Records drawn from a dataset

/---

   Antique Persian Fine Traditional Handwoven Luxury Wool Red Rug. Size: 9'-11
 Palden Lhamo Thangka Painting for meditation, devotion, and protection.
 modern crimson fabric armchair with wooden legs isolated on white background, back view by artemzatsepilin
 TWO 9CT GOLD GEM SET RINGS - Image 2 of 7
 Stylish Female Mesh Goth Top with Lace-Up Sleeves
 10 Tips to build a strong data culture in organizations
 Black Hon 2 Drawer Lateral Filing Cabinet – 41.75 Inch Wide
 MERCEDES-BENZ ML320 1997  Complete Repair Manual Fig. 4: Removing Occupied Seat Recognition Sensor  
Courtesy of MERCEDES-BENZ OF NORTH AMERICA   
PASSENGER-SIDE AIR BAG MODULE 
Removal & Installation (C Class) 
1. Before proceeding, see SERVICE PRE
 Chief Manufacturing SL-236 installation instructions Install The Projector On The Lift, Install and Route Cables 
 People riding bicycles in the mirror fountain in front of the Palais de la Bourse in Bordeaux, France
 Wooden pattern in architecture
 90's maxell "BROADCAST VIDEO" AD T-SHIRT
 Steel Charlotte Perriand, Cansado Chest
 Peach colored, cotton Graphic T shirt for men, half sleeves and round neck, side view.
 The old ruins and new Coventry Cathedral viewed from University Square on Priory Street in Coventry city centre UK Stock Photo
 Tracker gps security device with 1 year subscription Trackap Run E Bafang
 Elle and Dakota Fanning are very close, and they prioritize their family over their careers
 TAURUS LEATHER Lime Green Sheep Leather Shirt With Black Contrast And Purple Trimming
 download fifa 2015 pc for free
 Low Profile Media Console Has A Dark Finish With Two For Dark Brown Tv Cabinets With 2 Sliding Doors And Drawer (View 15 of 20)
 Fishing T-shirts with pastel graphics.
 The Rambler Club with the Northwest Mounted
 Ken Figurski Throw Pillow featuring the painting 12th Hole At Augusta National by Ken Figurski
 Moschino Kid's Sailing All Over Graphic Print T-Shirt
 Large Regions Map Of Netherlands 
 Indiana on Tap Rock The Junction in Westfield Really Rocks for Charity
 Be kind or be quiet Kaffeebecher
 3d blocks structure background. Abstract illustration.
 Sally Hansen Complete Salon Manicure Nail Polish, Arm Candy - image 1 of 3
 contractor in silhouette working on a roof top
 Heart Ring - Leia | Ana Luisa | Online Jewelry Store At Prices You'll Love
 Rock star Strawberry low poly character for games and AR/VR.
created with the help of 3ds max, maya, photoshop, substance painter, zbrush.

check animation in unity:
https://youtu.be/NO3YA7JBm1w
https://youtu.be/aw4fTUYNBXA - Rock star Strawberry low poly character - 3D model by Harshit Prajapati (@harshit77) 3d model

\---

_What to work on_
Write out each line above containing "background".

_Result below_
 modern crimson fabric armchair with wooden legs isolated on white background, back view by artemzatsepilin
 3d blocks structure background. Abstract illustration.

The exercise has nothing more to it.